New MTM Program, Old Software
After CMS published the MTM requirements in 2005, Health Net asked a multidisciplinary team—comprised of pharmacists, physicians, psychologists, and nurses—to develop its MTM program based on several sources: a consensus statement from 11 national organizations2; published results from an executive session between the Academy of Managed Care Pharmacy and the American Society of Health-System Pharmacists3; and a standard stepwise process (Table 1).
Health Net leveraged internal strengths and an existing software tool that had been designed to assist case managers with tracking the status and progress of mental health patients. The pharmacists adapted this tool for MTM use to enter patient-specific notes in freeform text, create custom assessments, document problems, goals, interventions, and outcomes in a readily reportable format, and track and assign patients to a work queue.
The pharmacists assisted in devising the custom assessments about overall health status, medication compliance, and access to healthcare issues.
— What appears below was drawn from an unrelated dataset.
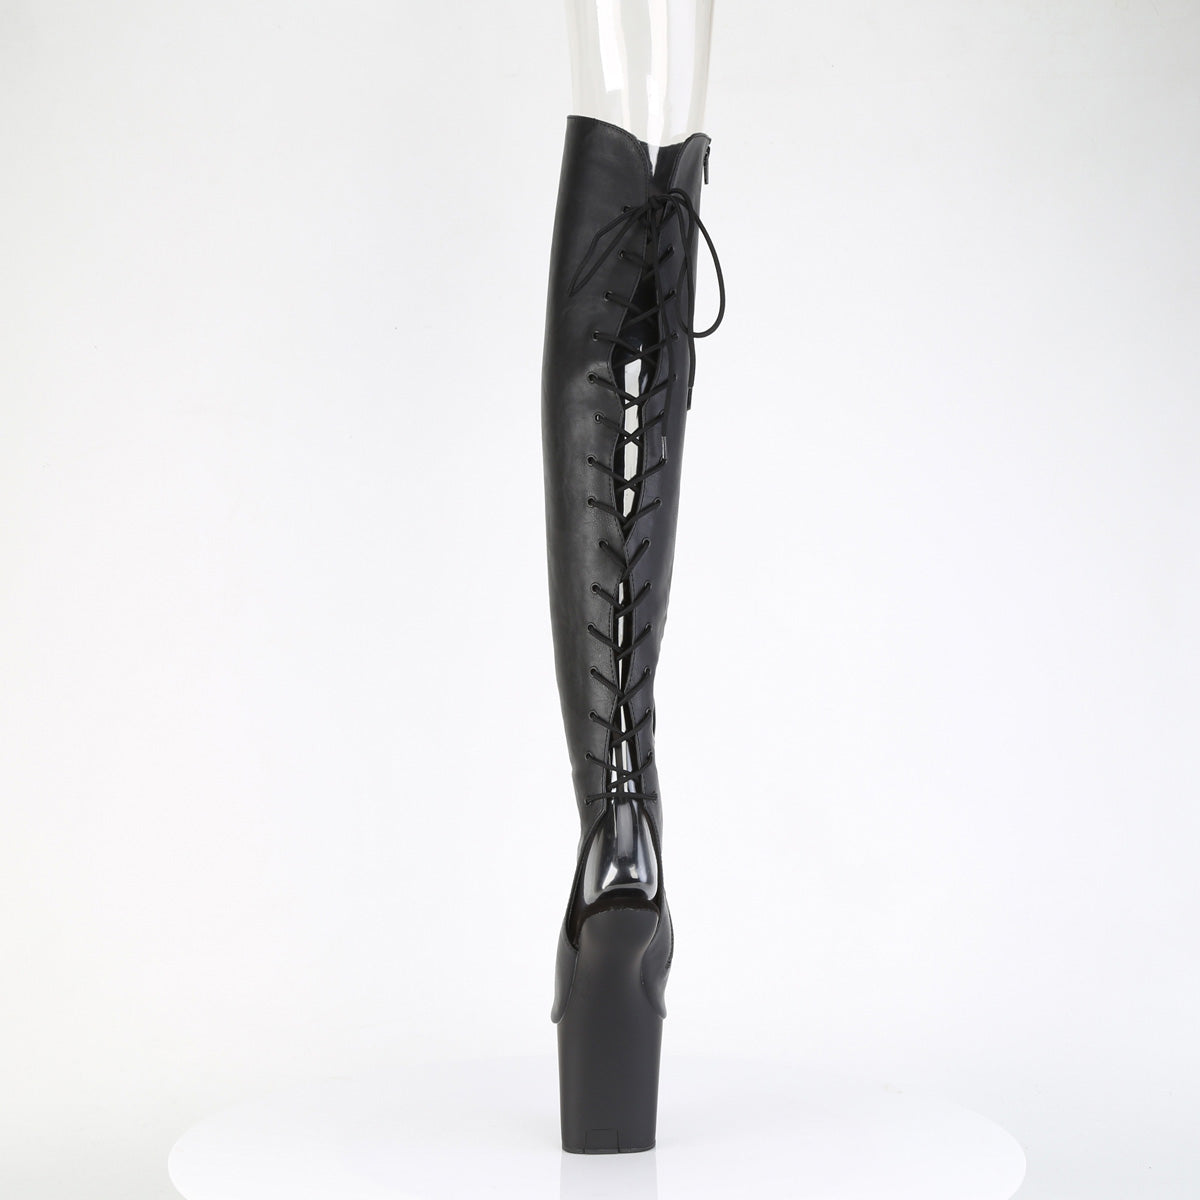 CRAZE-3019 Pleaser Pole Dancing Thigh High Boots
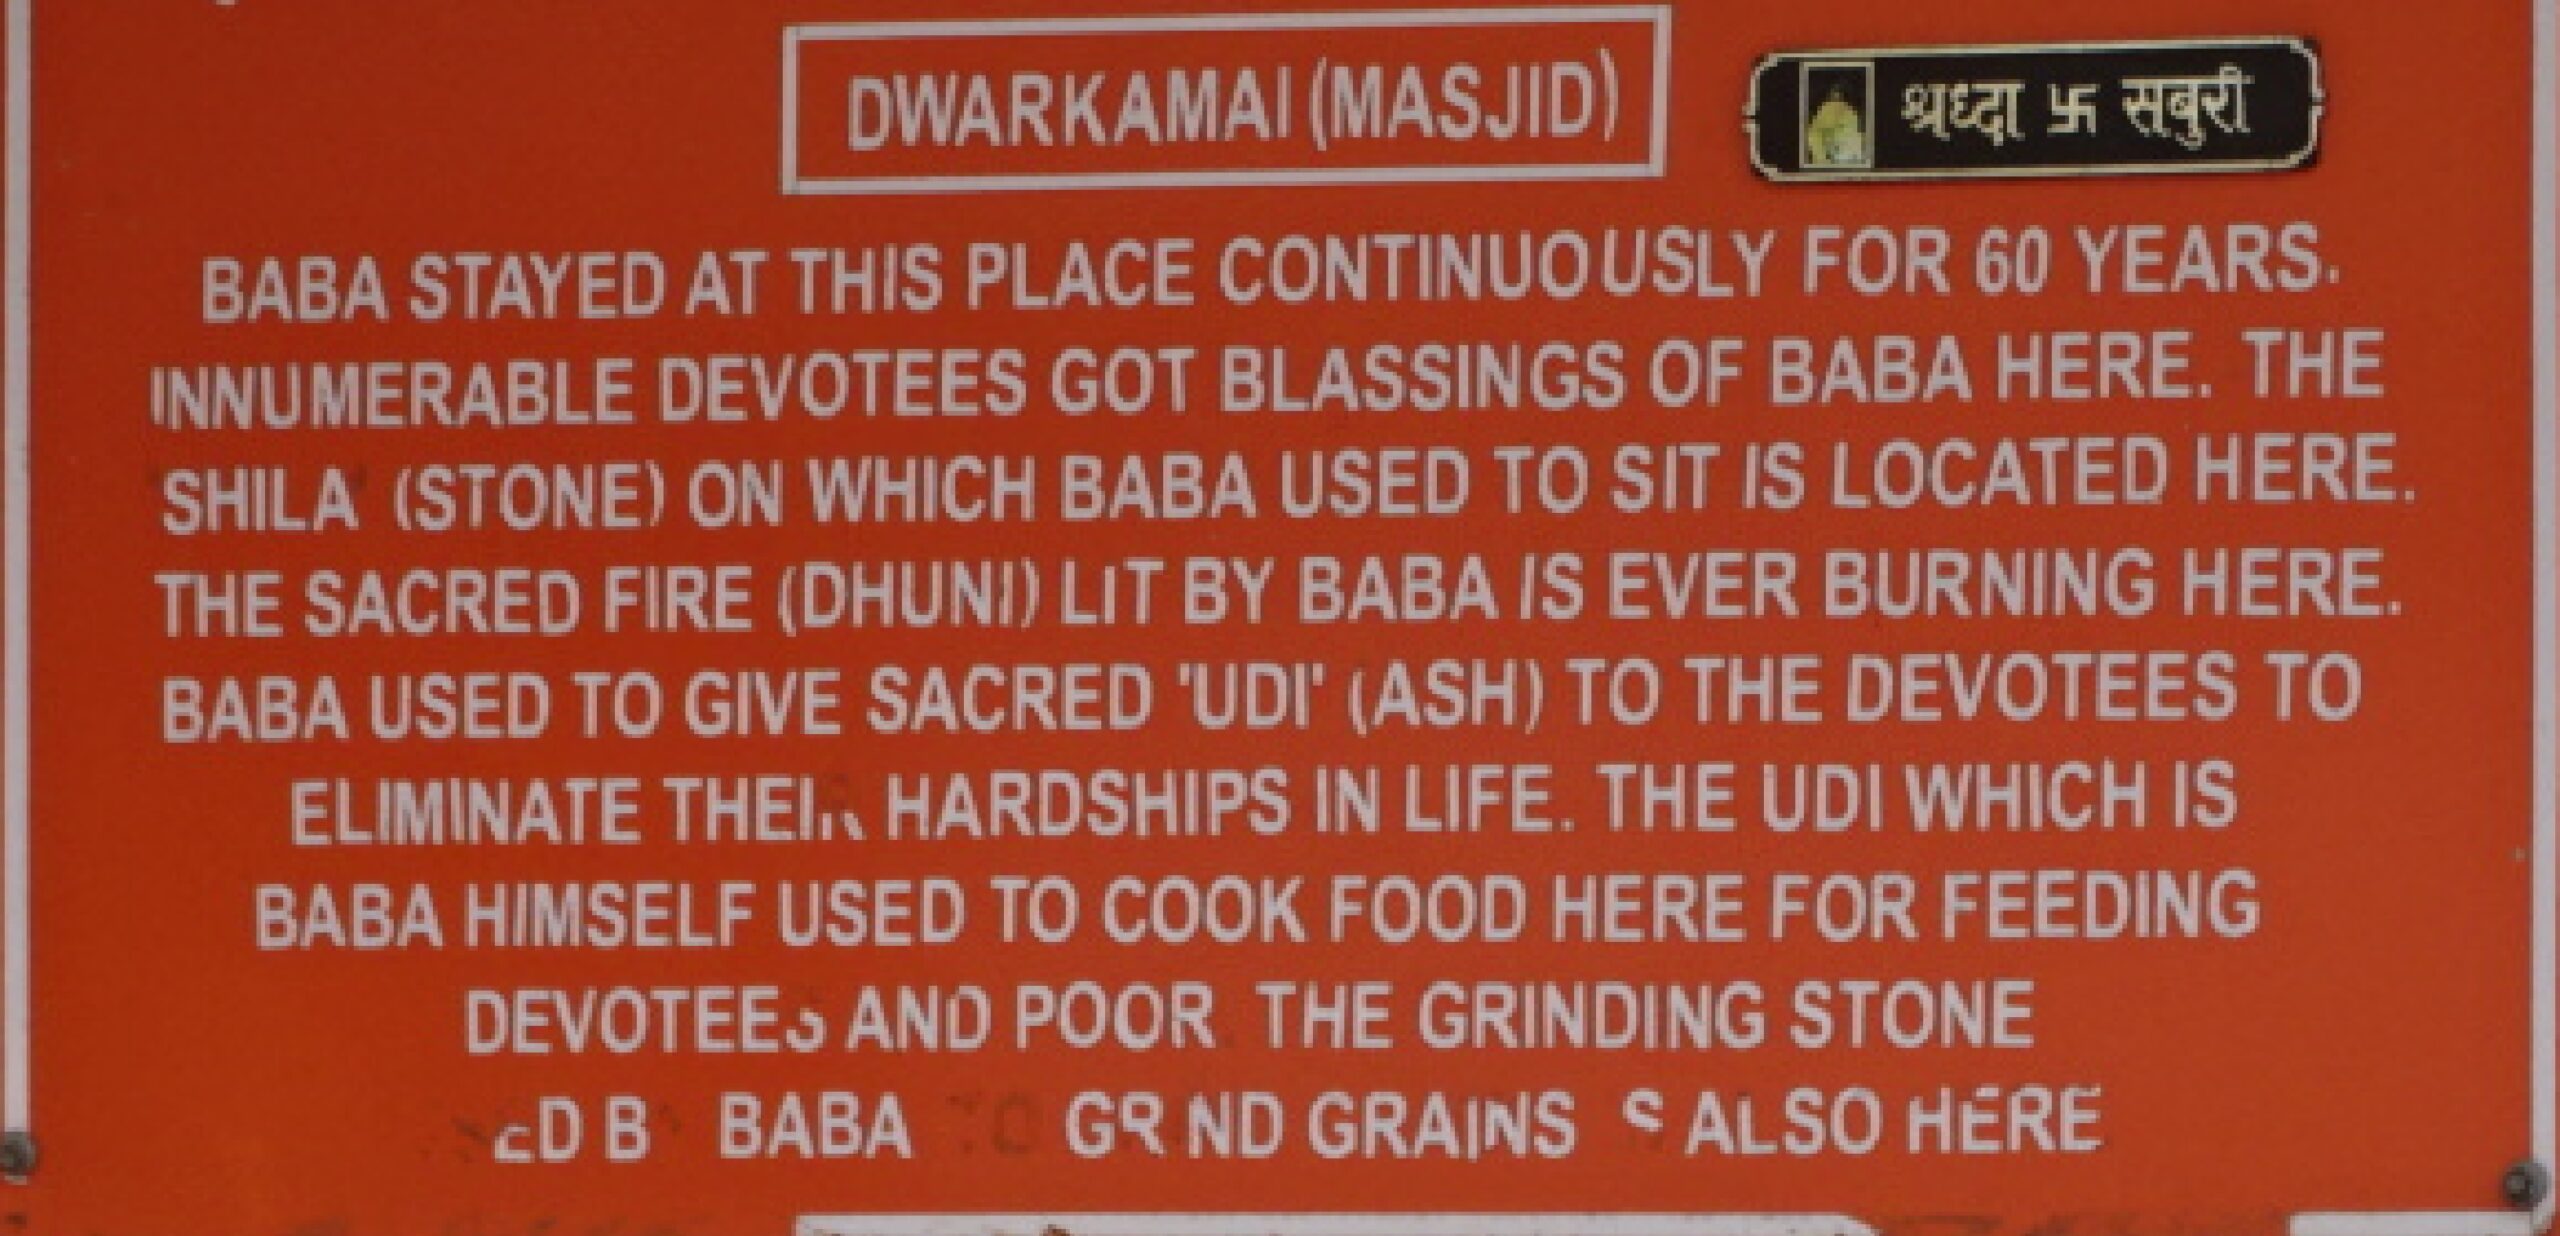 About - Dwarkamai (Masjid) at Shirdi, Maharashtra, India

Data were captured in predefined fields to facilitate reporting. MTM nurses used the information gathered in each assessment to triage patients for appropriate disease management, assistance program, or behavioral healthcare purposes. Questions in the compliance assessments helped determine if patients were having adverse reactions, had difficulty with copayments, required additional education, or would benefit from a reduced tablet burden. As appropriate, the nurses scheduled patient calls with the MTM pharmacists to assist in changing drug regimens and facilitate communication with their physicians (Table 2).
The pharmacists established categories of problems, goals, and interventions to enter into the existing system. For example, with the broad problem category therapeutic duplication, the linked goal could be to remove a duplicated drug, as in a patient taking 2 angiotensinconverting enzyme (ACE) inhibitors who should be taking only 1. The intervention may then be to educate the patient or contact the physician. Outcomes were categorized as "achieved," "not achieved," or "no longer relevant," and coded manually by the pharmacist (Table 3).
With technical staff already dedicated to maintaining the software, creating the custom assessments, and providing monthly reports, the original tool seemed a suitable solution for a new program that was designed from scratch.
Illustrative Case Report
The following case illustrates the impact of the multidisciplinary approach and workflow used in an MTM program.
A 71-year-old woman living alone received a letter inviting her to participate in the MTM program. She called the program and scheduled a call with an MTM nurse. Before the nurse returned the call, pharmacists evaluated the member's drug regimen. She had pharmacy claims for glipizide, metformin, amlodipine, atorvastatin, paroxetine, and famotidine; she had no claims for an ACE inhibitor and had not been compliant with her amlodipine regimen. The pharmacist provided a list of questions for the nurse to validate doses and diagnoses and listed potential drug therapy recommendations. When the nurse contacted the member, she complained of headaches and nausea, as well as difficulty getting to see her doctor. She reported that her blood pressure was 210/90 mm Hg.
The nurse arranged for an appointment with the member's primary care physician and facilitated transportation, as well as educated the member on the importance of medication adherence. The pharmacist faxed the medication recommendations to the physician's office before the visit. An ACE inhibitor was added by the physician as recommended by the MTM pharmacist. At follow-up with the MTM nurse a few weeks later, the patient's blood pressure had dropped to 162/85 mm Hg.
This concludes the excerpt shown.